▶ [Instructions to follow]:
Among the entries below, only the lines from the one with "Trong những hình" through the one with "Delhi to Neemrana a scenic road trip" are wanted, reproduced exactly. Pictures are not wanted.

▶ [Record excerpts]:
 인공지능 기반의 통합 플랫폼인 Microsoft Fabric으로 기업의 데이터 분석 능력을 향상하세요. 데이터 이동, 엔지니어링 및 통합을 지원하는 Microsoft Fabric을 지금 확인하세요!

---

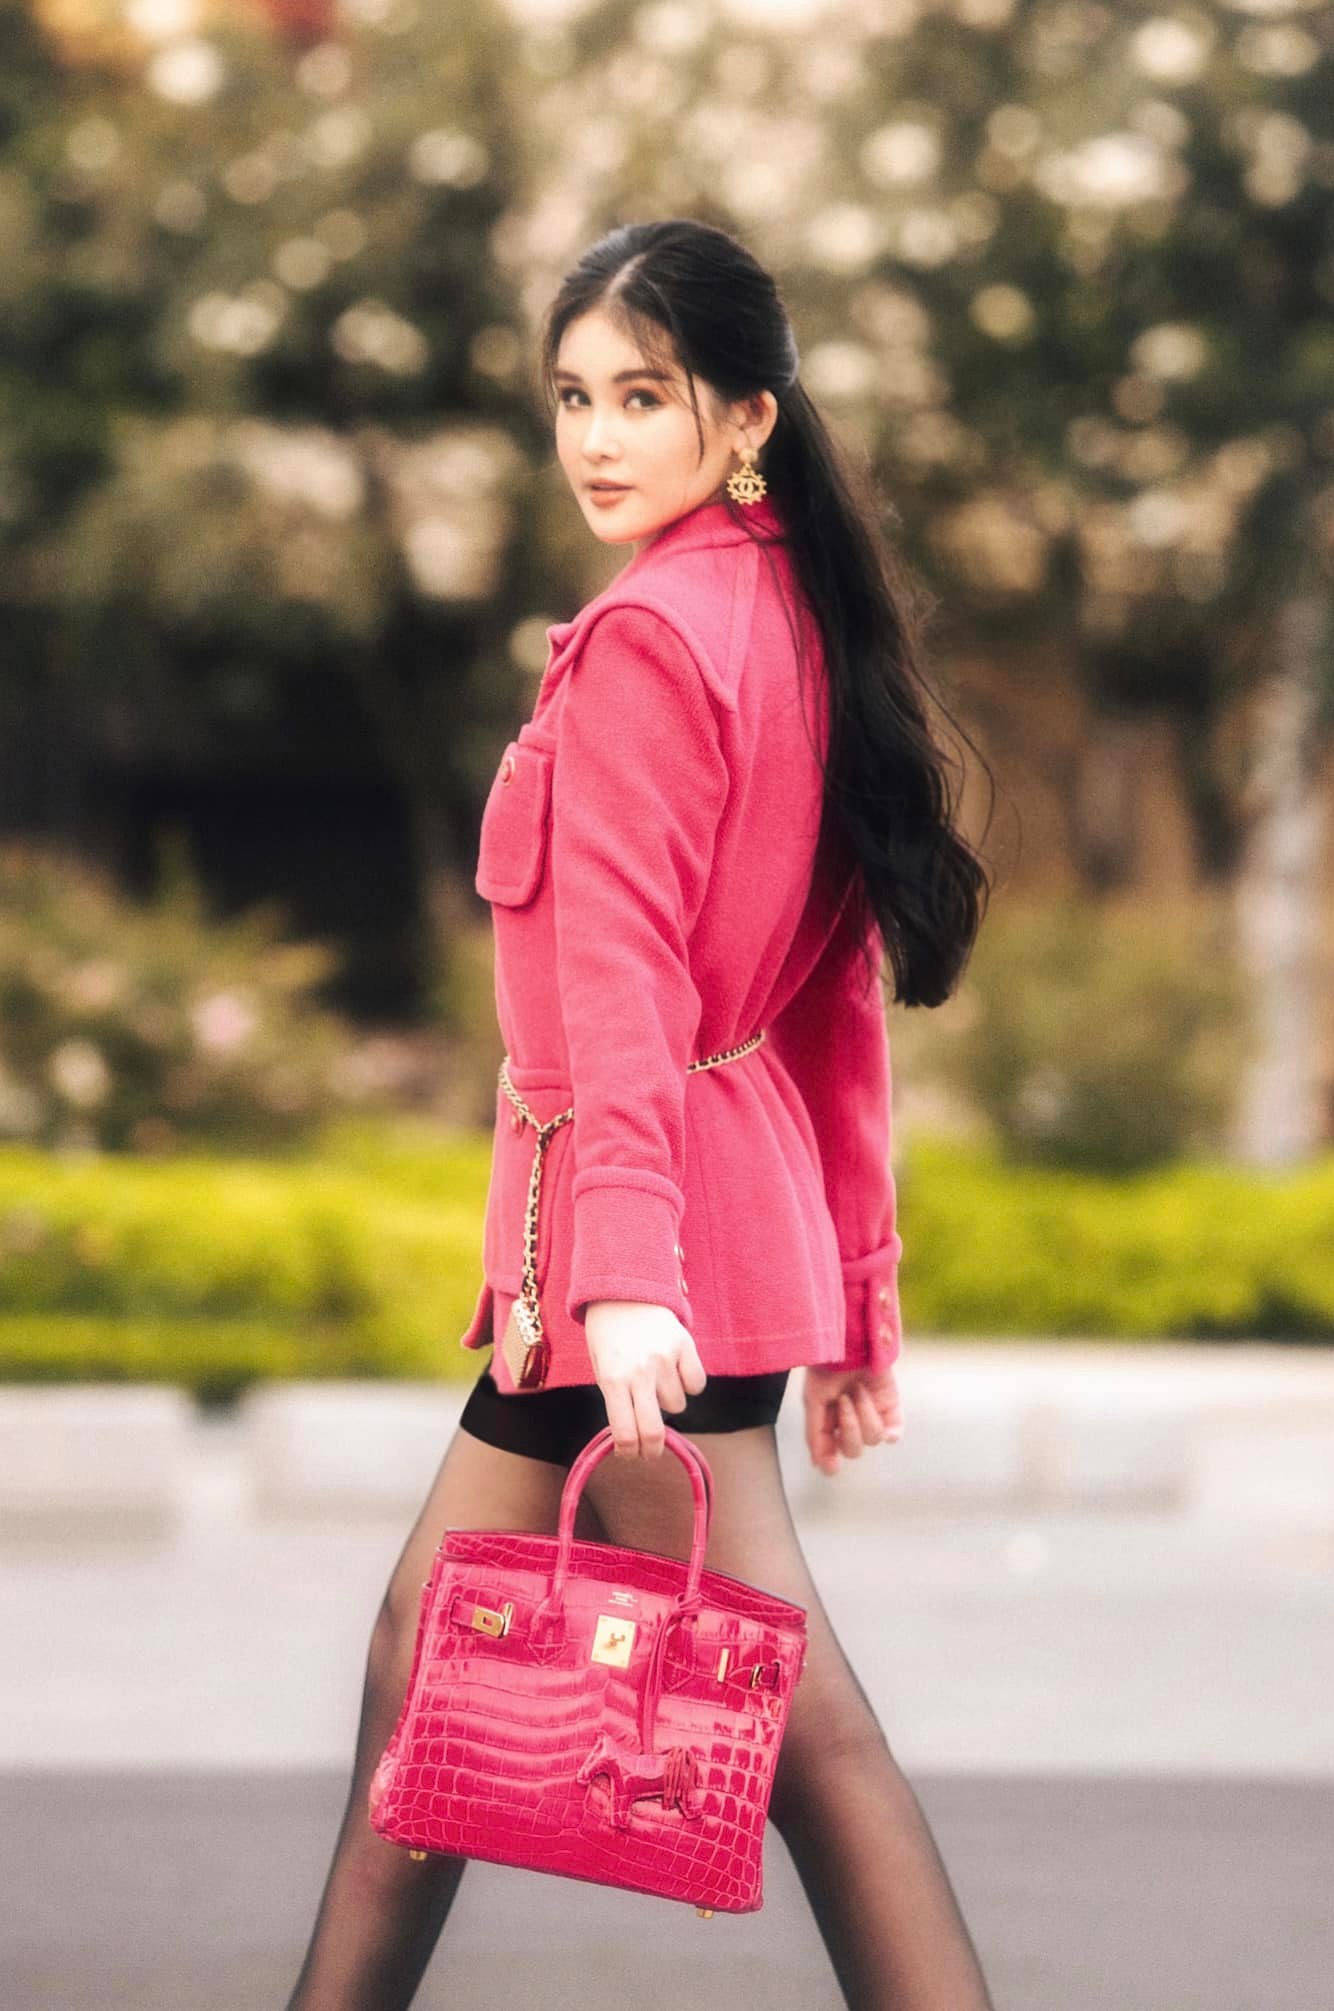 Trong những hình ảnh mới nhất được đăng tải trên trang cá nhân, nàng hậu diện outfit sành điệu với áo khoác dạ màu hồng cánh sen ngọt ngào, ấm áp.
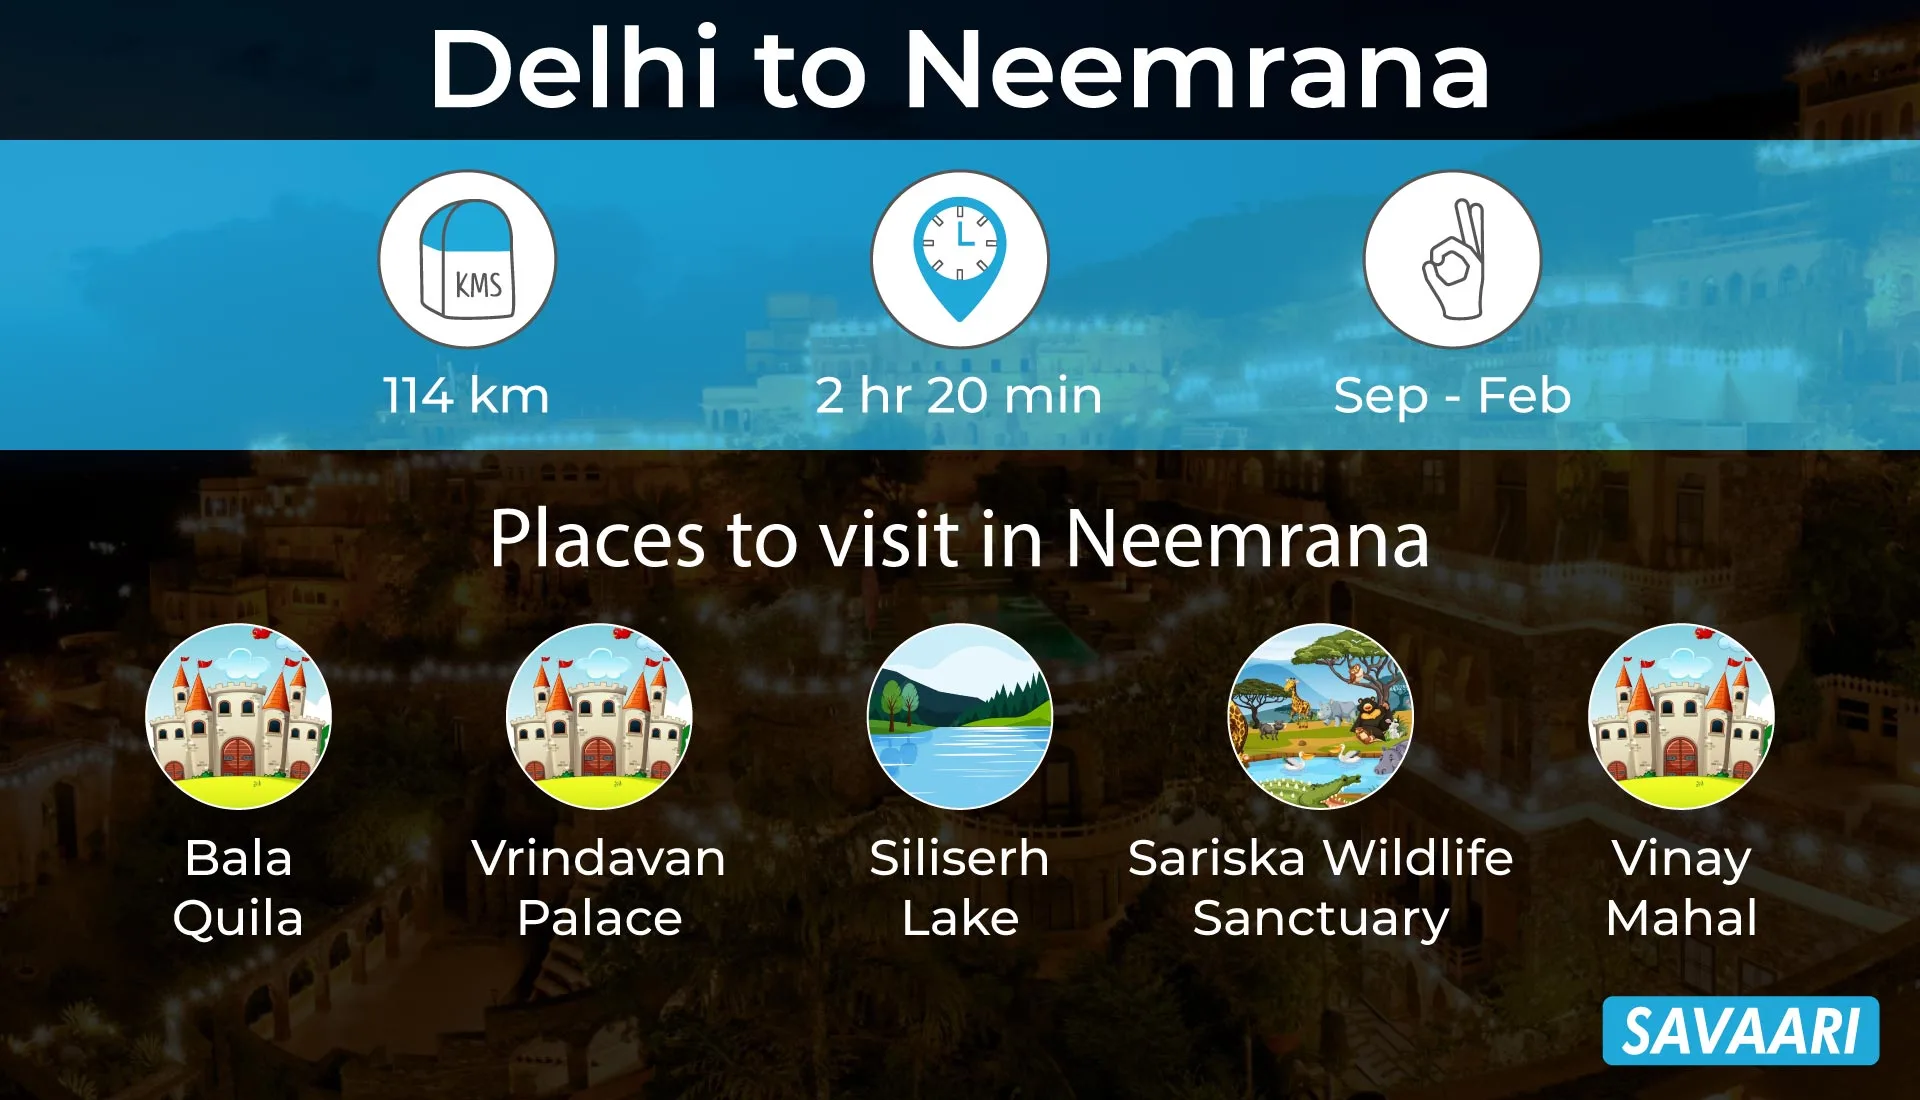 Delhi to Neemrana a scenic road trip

* * *

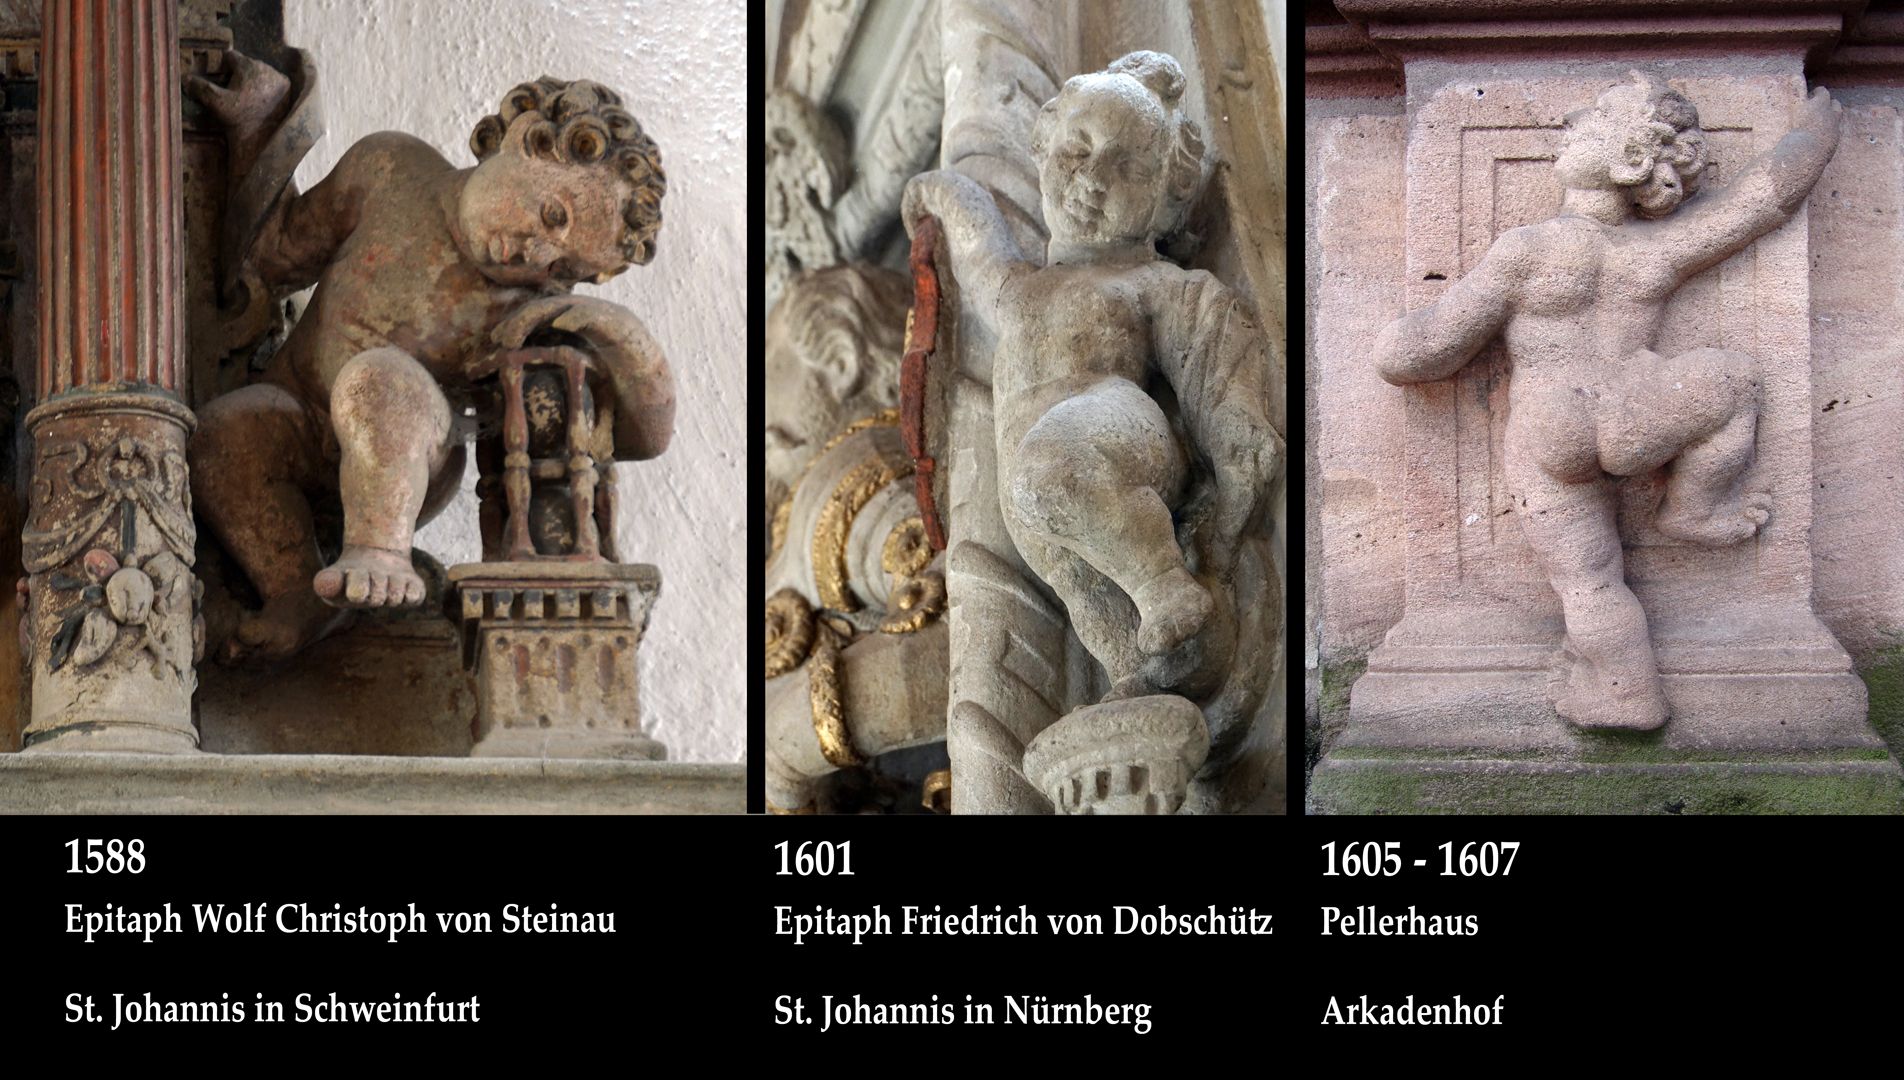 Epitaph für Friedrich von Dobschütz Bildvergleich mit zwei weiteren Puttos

▶ [Answer to this exercise]:
 Trong những hình ảnh mới nhất được đăng tải trên trang cá nhân, nàng hậu diện outfit sành điệu với áo khoác dạ màu hồng cánh sen ngọt ngào, ấm áp.
 Delhi to Neemrana a scenic road trip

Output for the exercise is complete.